──────── Information shown

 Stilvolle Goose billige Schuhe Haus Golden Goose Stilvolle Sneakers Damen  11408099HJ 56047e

────────────────
──────── Information shown

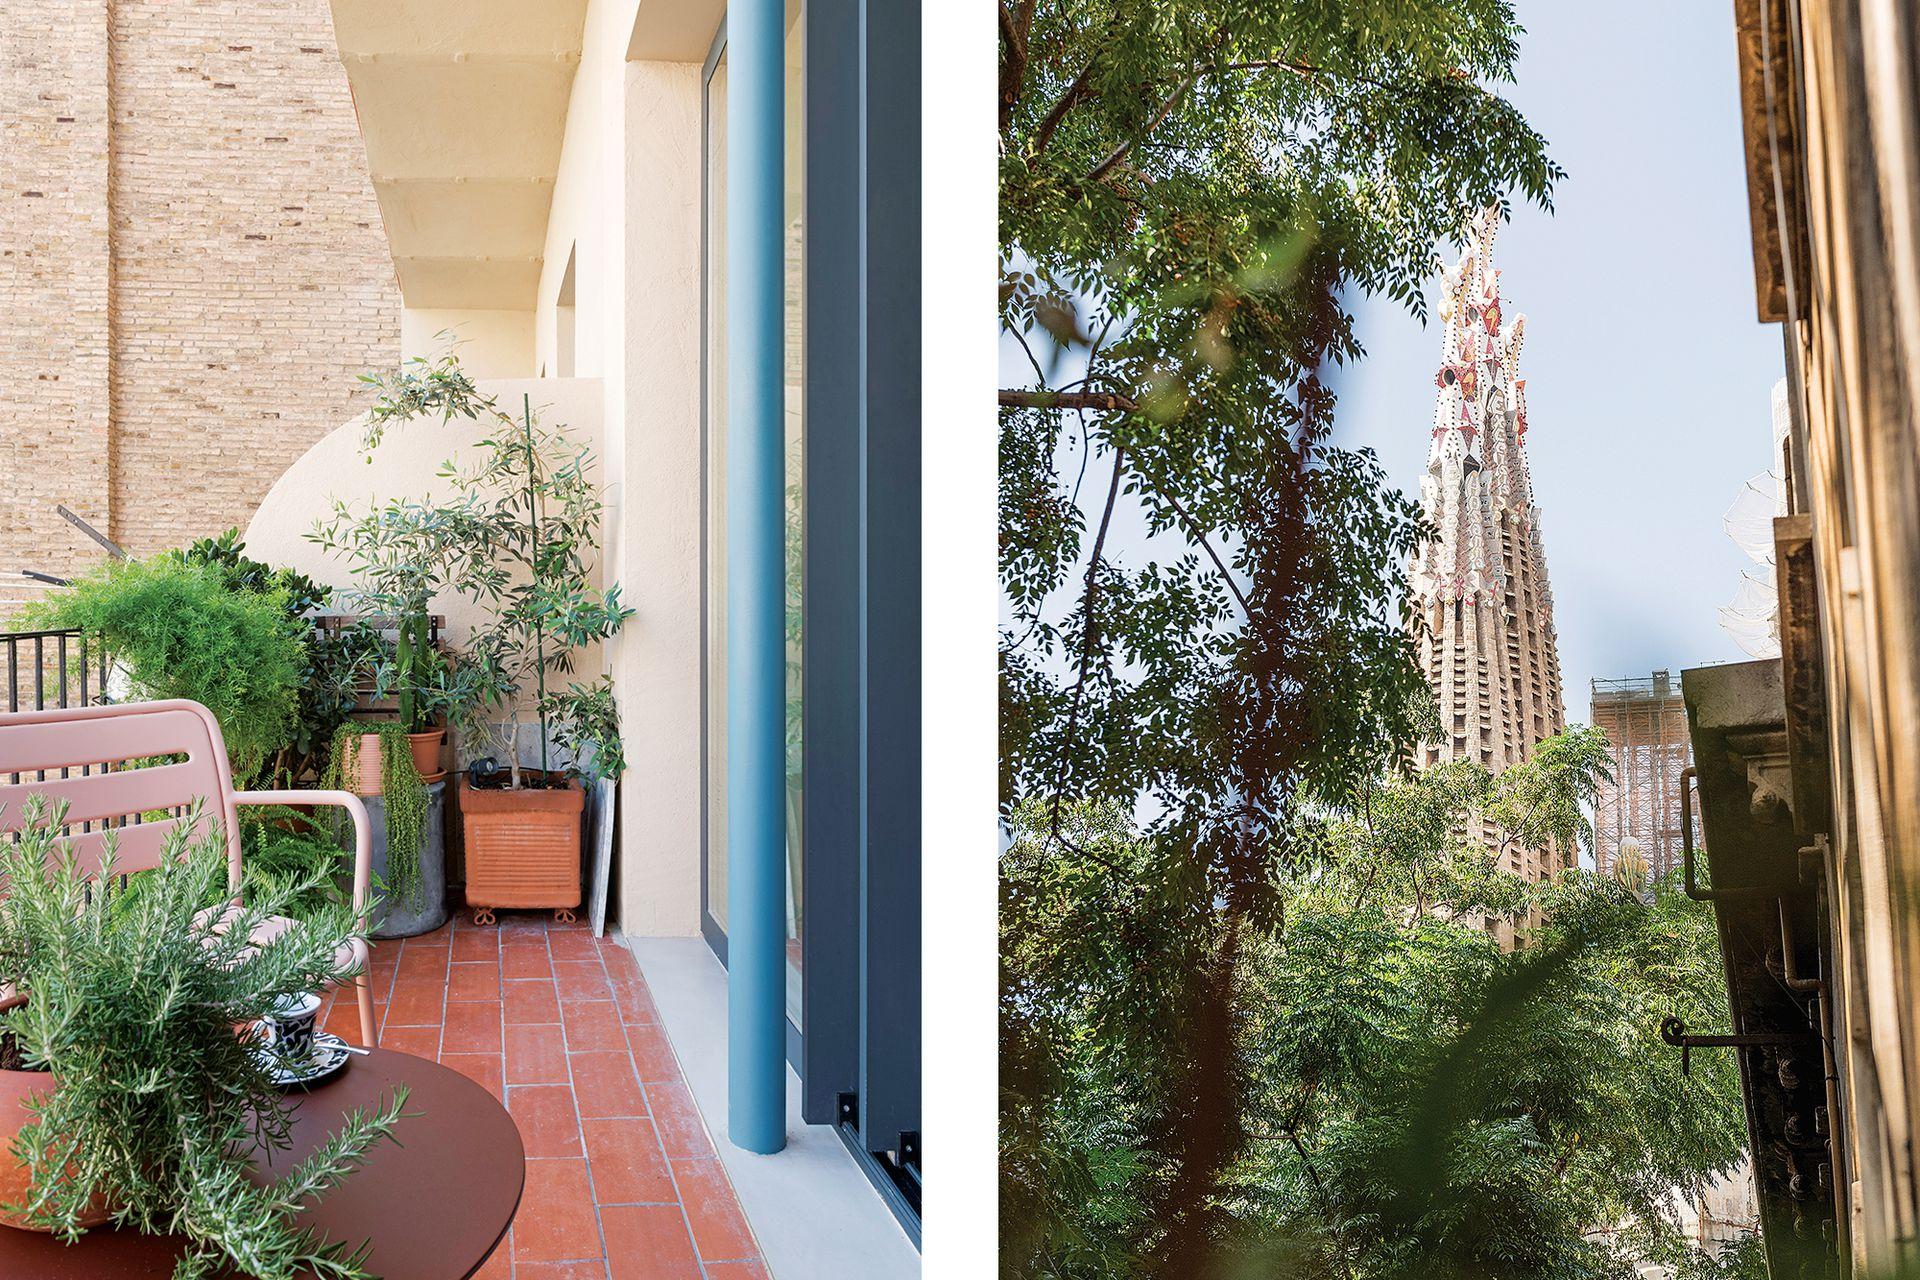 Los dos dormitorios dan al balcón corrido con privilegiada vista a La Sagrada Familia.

────────────────
──────── Information shown

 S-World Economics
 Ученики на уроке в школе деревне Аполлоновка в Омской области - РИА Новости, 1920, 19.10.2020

────────────────

[Your goal]
Using the entries above, return exactly the lines from the line with "S-World Economics" to the line with "Ученики на уроке", counting both of those lines.

[Exercise output]
 S-World Economics
 Ученики на уроке в школе деревне Аполлоновка в Омской области - РИА Новости, 1920, 19.10.2020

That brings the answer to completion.